Subject: Re: Don't buy a vax, but the vax (was Re: RIP, VAX)
To: Paul A Vixie <vixie@mibh.net>
From: J.S. Havard <enigma@sevensages.org>
List: port-vax
Date: 08/30/1999 01:22:28
> > Actually, I've been thinking about this. Since we couldn't do it, why not
> > get the likes of somebody like AMD, Cyrix, or even *gasp* Intel? If we
> > get enough people together to get them to purchase atleast the Vax
> > architecture and to create Vaxen that would be at a cost low enough where
> > I could afford it, they might just do it. That would most likely be
> > cheaper for all of us, and it would make the company that does it look
> > friendly towards us freakish Vaxmonger types.
>
> i think the lesson of building special purpose hardware to emulate once-
> popular software is that the market you're selling into is shrinking, not
> growing, and that it's very hard to even keep the company's doors open let
> alone build equity in a way that pays off the (necessary) investors and
> lets you give competitive employment contracts to your (necessary) developers.
>
> symbolics is still in operation. so that's an architecture that's not
> entirely dead yet, although the company as it's been reconstituted is focused
> on support and refurbishment rather than on new designs (software or hardware).
>
Mmm.... Lisp. All those parens everywhere.
> the trend is toward new architectures that are fast enough to emulate the old
> ones at faster-than-original speed. and the trend is toward portable source
> code that can just be compiled native on new architectures.
>
Okay, so back to my plan I was talking to people about a few weeks ago,
and somebody else mentioned on the list. Take a fast PC, write an
emulator that will fit in the bios, and flash the bios with it. It is
better than nothing, and would be sort of a vax, but not really.
[snip]
> i loved the vax even as late as 1988. that was one of the reasons i took a
>
Oh wow. I was 7 years old at the time. Yes, you are reading that right.
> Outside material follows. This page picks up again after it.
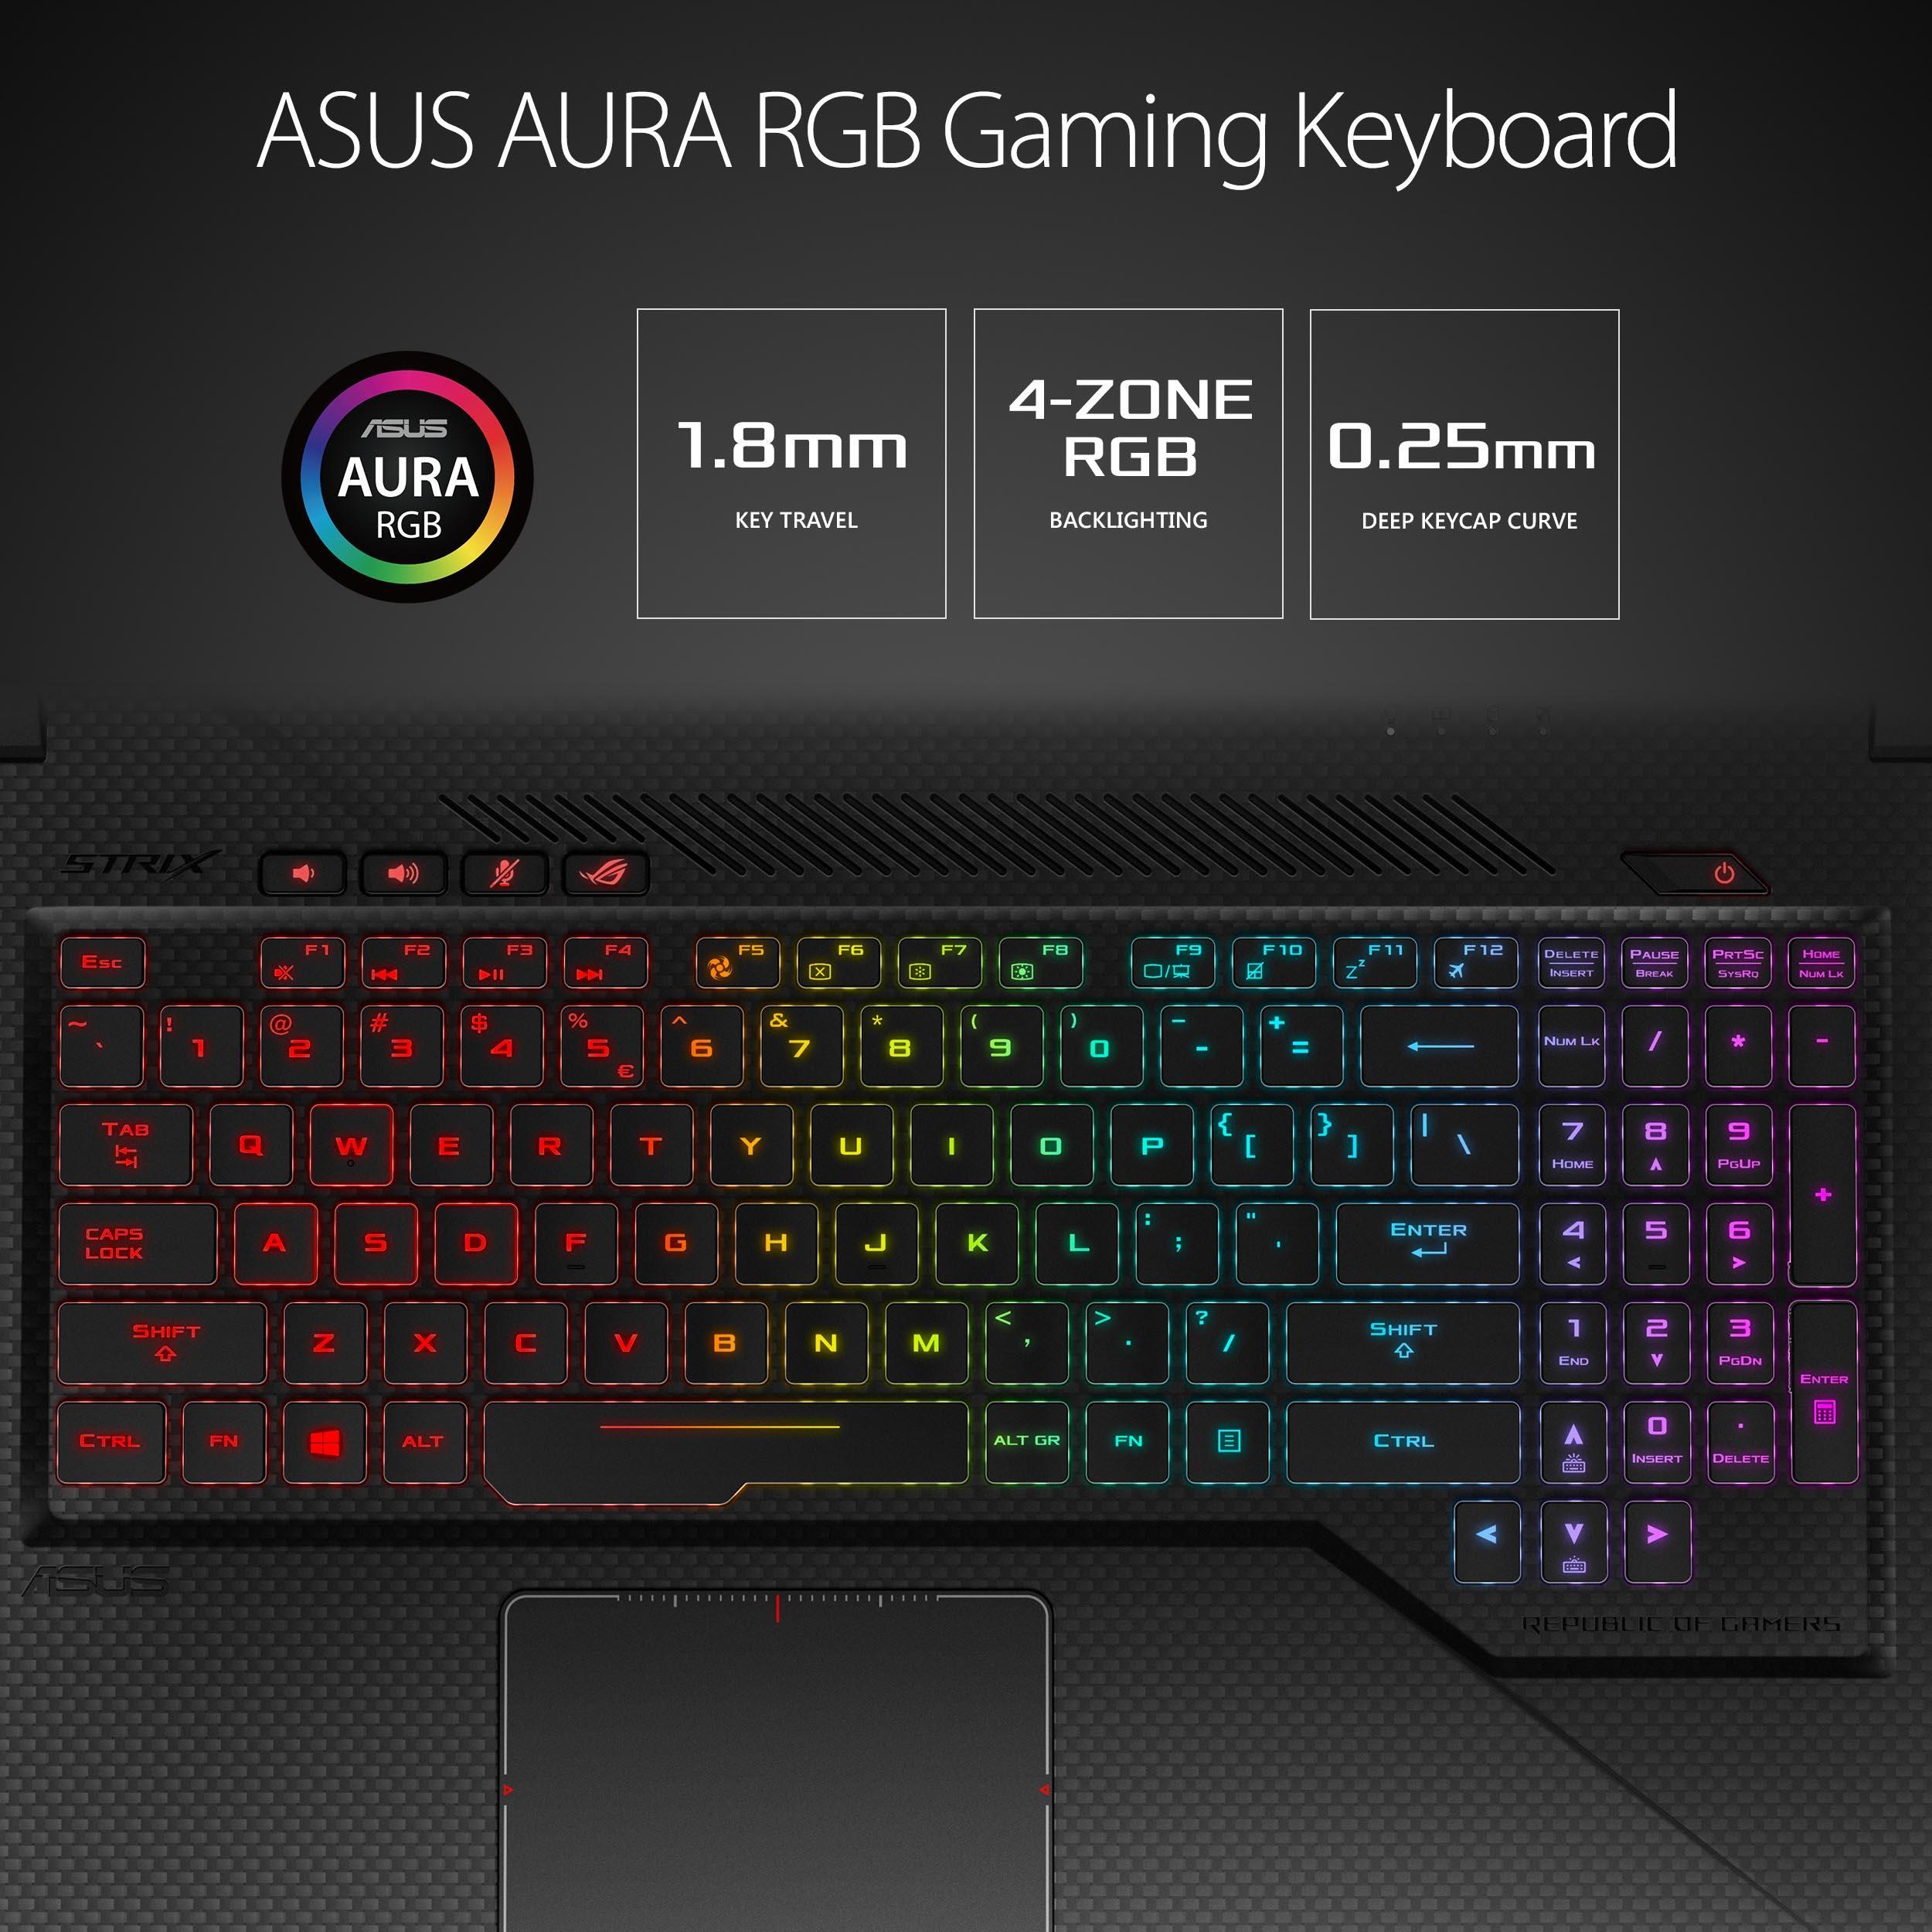 Asus Rog Strix Gl703vm Gaming Laptop Gadgitechstore Com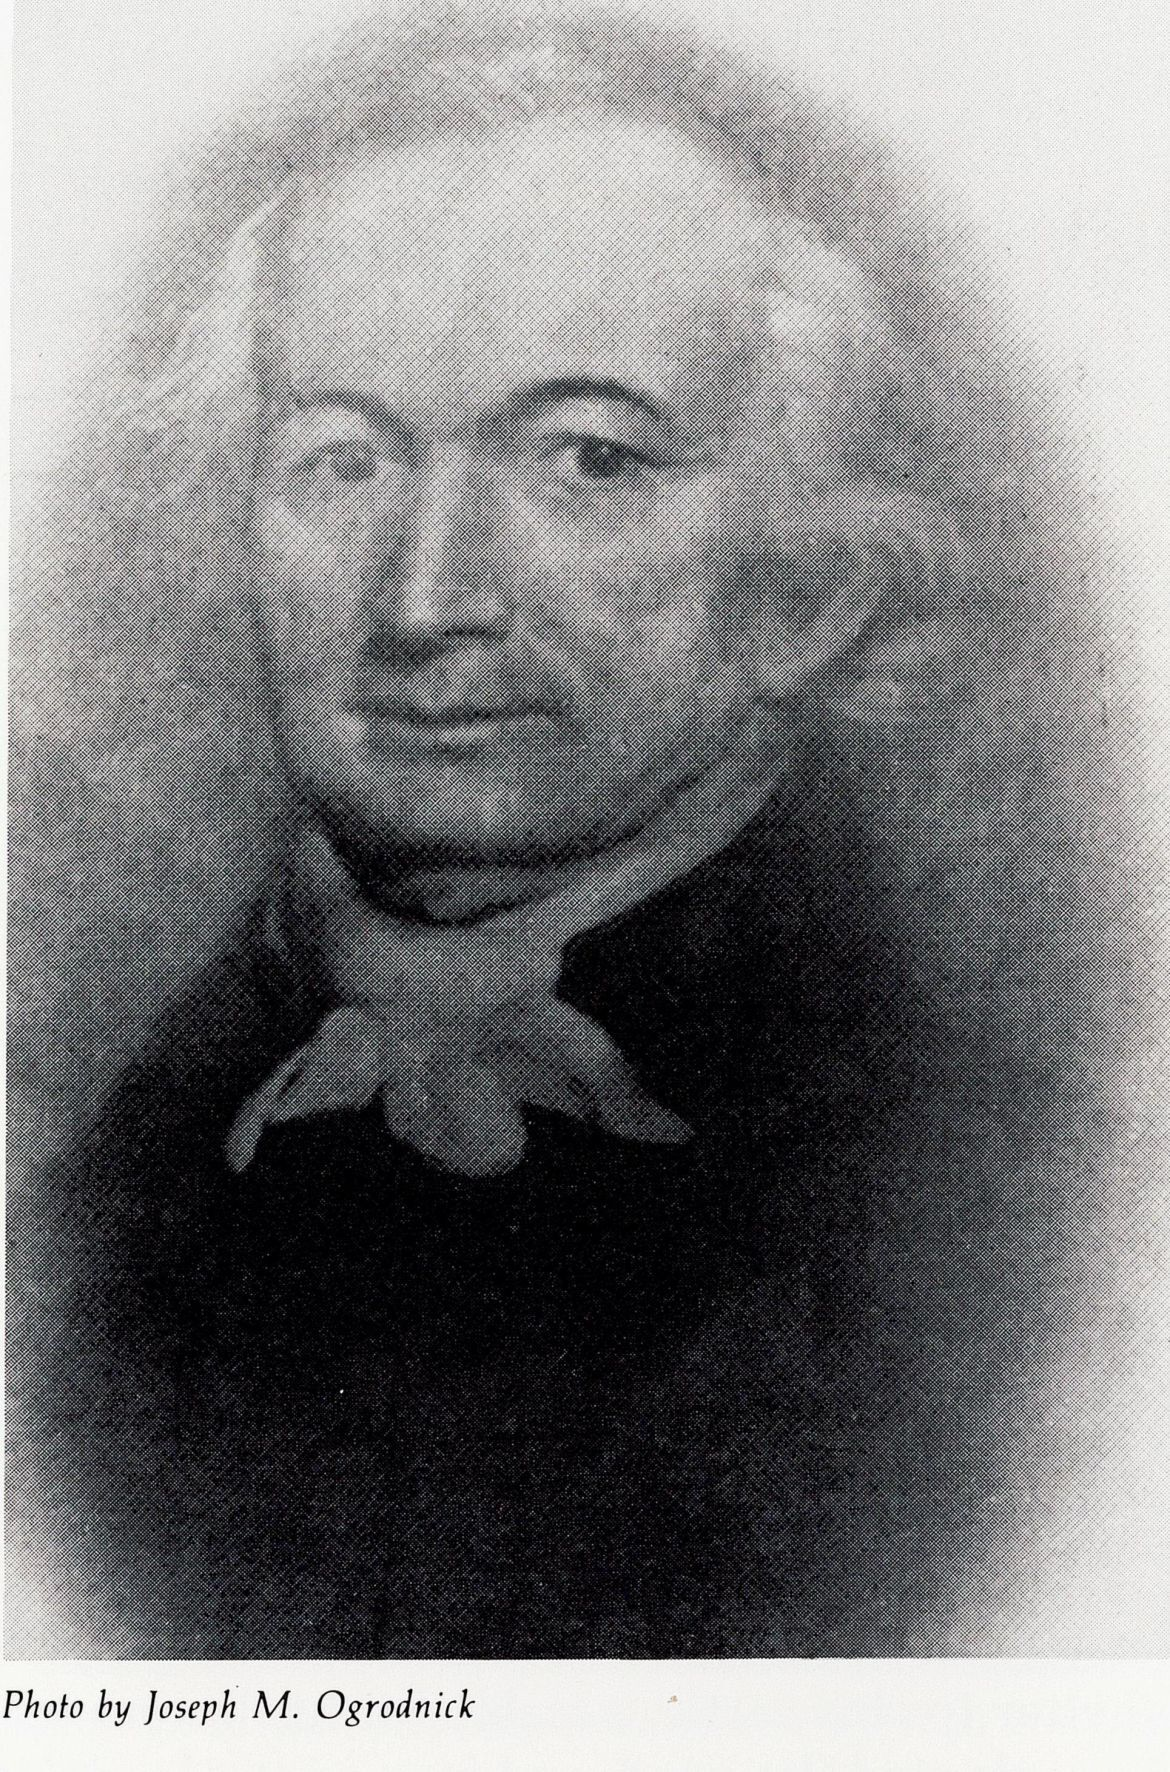 Robert S. Rose

Seven years old. All I knew then was how to do some stuff in AutoCAD,
play LHX, and program in BASIC. Ick!
> job at decwrl -- they had lots of vaxes, and yum yum i sure loved those vaxes.
> i still have three vaxes on my home net and two on my work net. but there is
> no way i know of to get investors and managers and developers involved in a
> company to continue the vax line. it would be a labour of love, with few
> customers and those few diminishing every day.
>
Well, it is better than once the IA64 finally comes around, and having
people trying to bring back the 8088. I doubt that will ever happen. The
vax architecture is just too nice to let it die.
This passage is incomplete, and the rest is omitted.